= Beginning of Section =

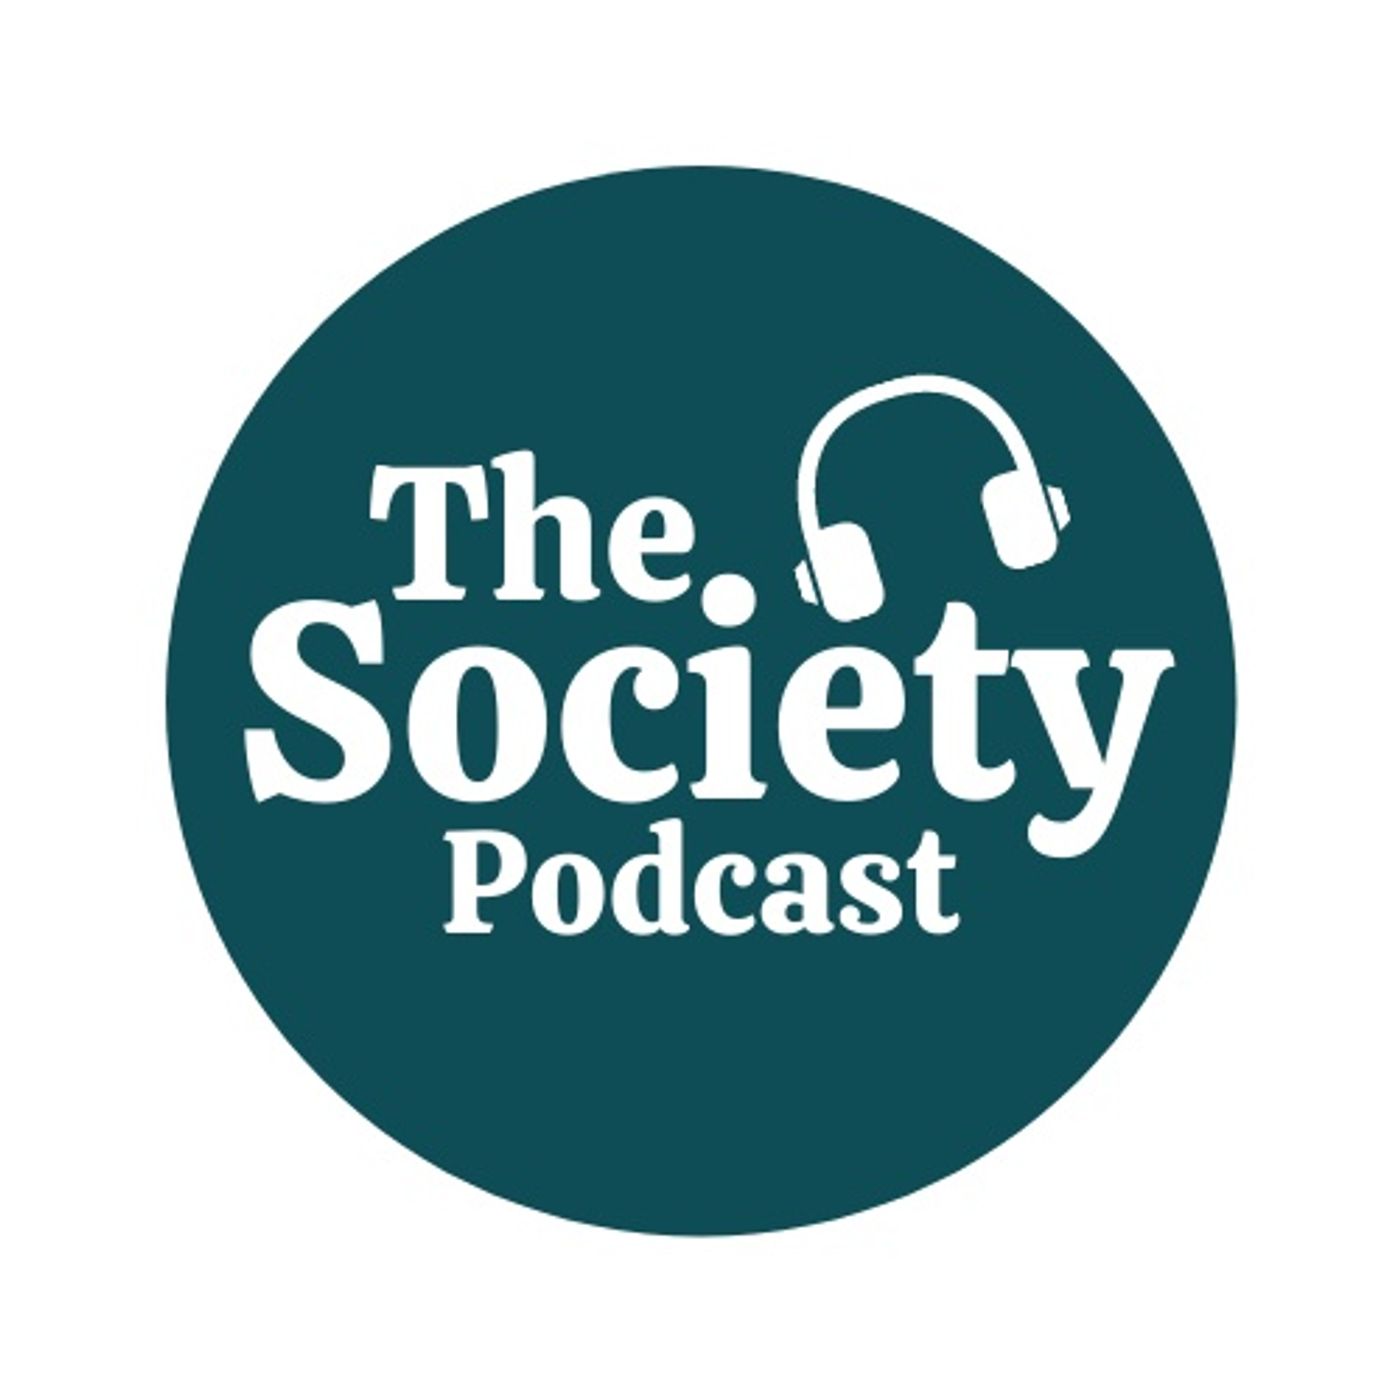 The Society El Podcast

= End of Section =
= Beginning of Section =

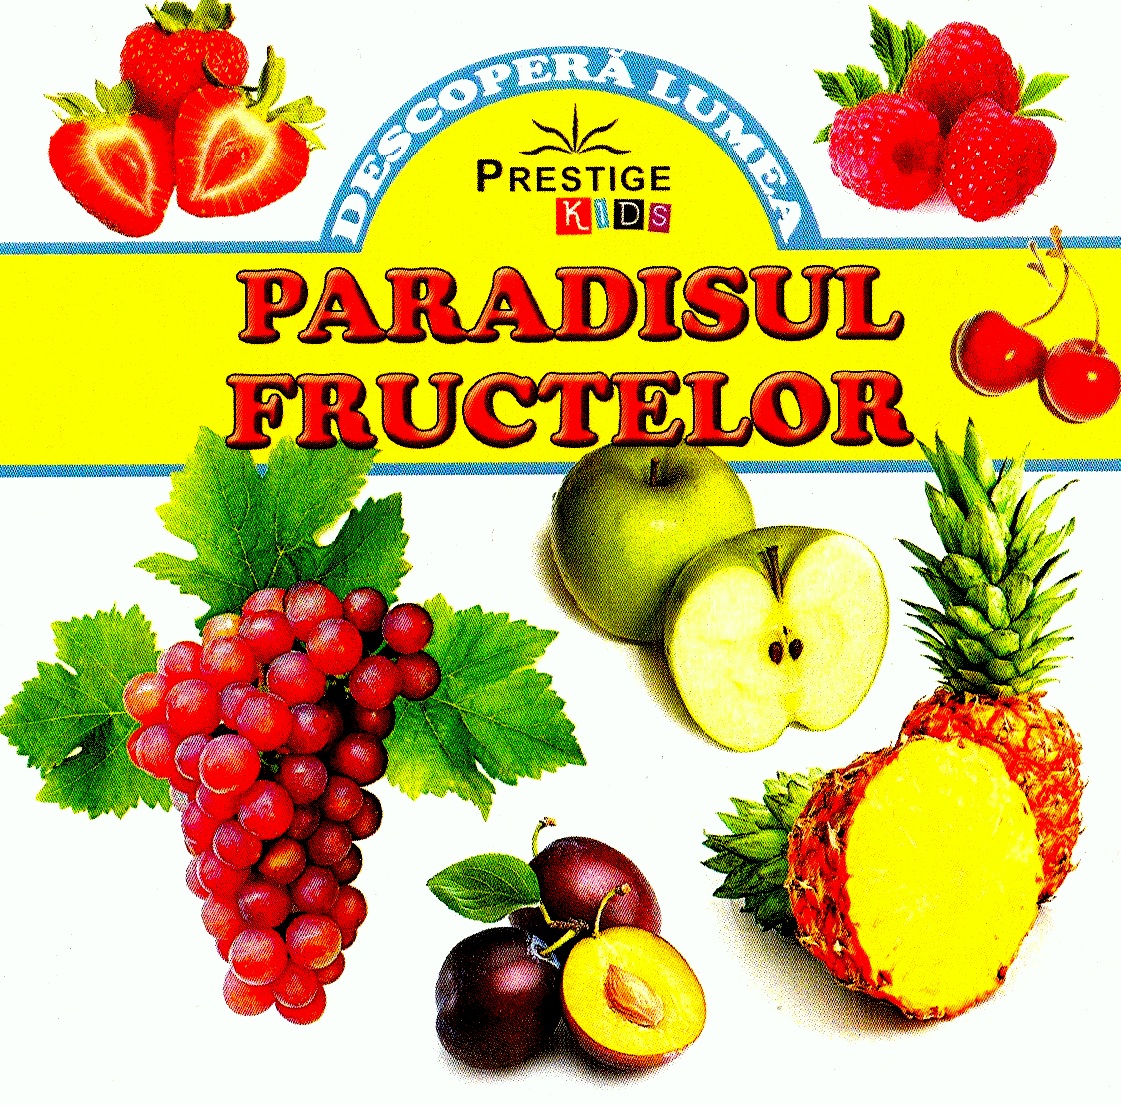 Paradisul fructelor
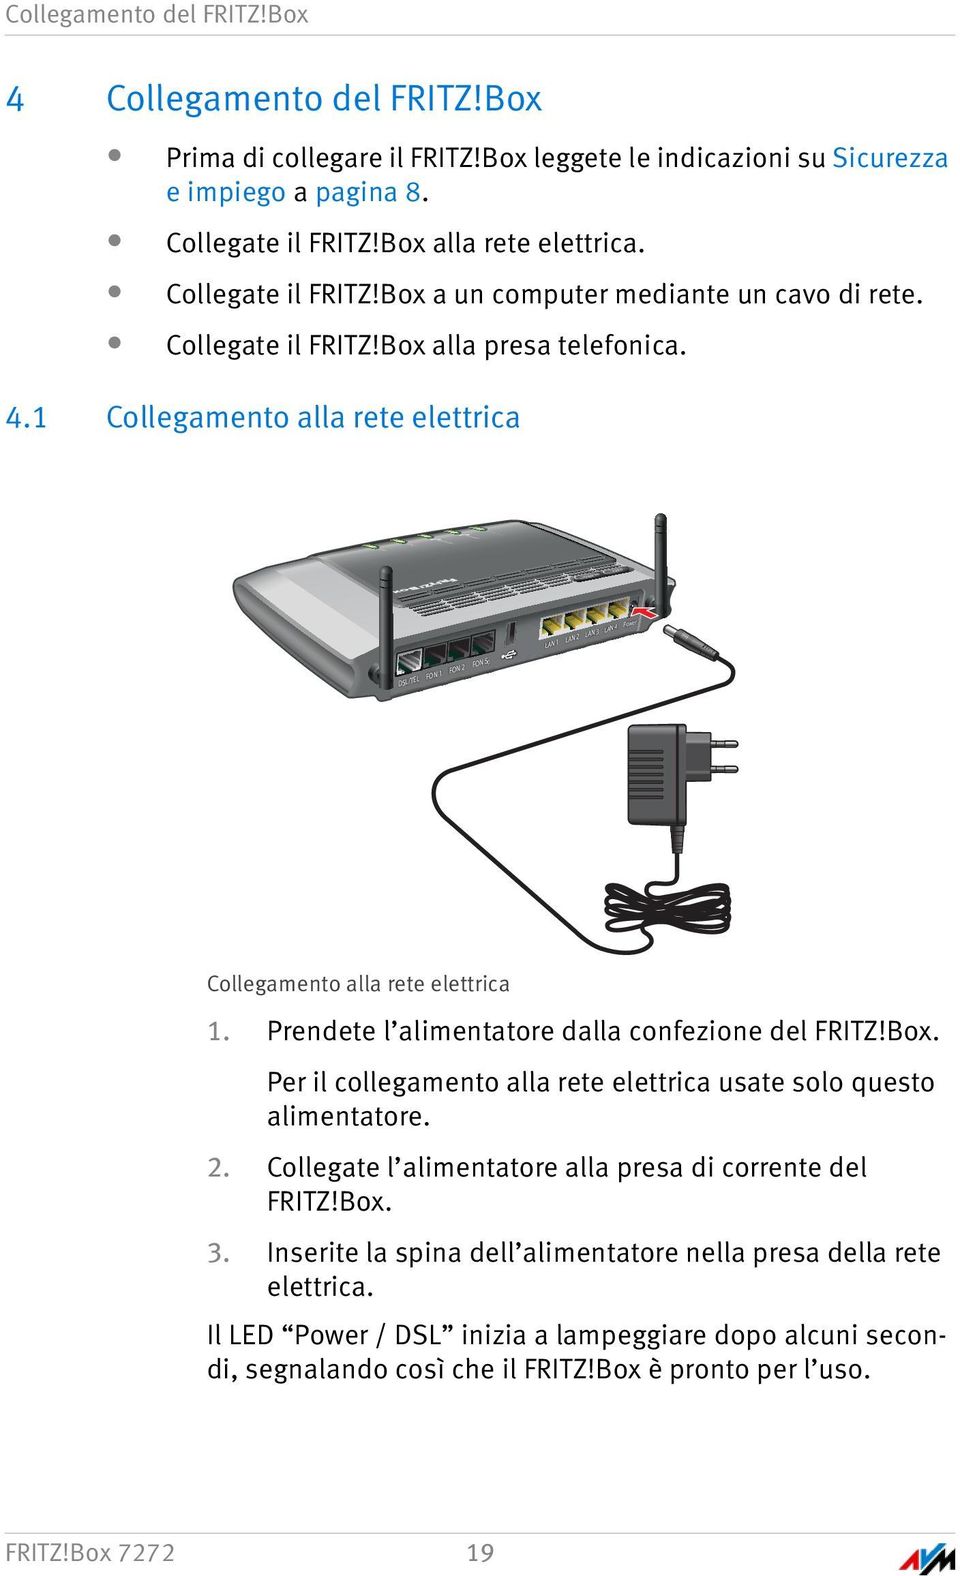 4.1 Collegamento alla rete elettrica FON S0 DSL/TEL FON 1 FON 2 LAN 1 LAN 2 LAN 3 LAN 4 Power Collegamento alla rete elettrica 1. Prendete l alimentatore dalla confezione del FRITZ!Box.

= End of Section =
= Beginning of Section =

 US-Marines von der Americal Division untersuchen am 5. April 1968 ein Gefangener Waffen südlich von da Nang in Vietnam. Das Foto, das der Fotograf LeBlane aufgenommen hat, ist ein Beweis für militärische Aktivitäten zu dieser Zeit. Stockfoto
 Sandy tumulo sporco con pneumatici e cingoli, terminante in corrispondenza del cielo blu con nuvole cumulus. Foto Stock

= End of Section =

Report each line in the entries where the string "Foto" occurs.

 US-Marines von der Americal Division untersuchen am 5. April 1968 ein Gefangener Waffen südlich von da Nang in Vietnam. Das Foto, das der Fotograf LeBlane aufgenommen hat, ist ein Beweis für militärische Aktivitäten zu dieser Zeit. Stockfoto
 Sandy tumulo sporco con pneumatici e cingoli, terminante in corrispondenza del cielo blu con nuvole cumulus. Foto Stock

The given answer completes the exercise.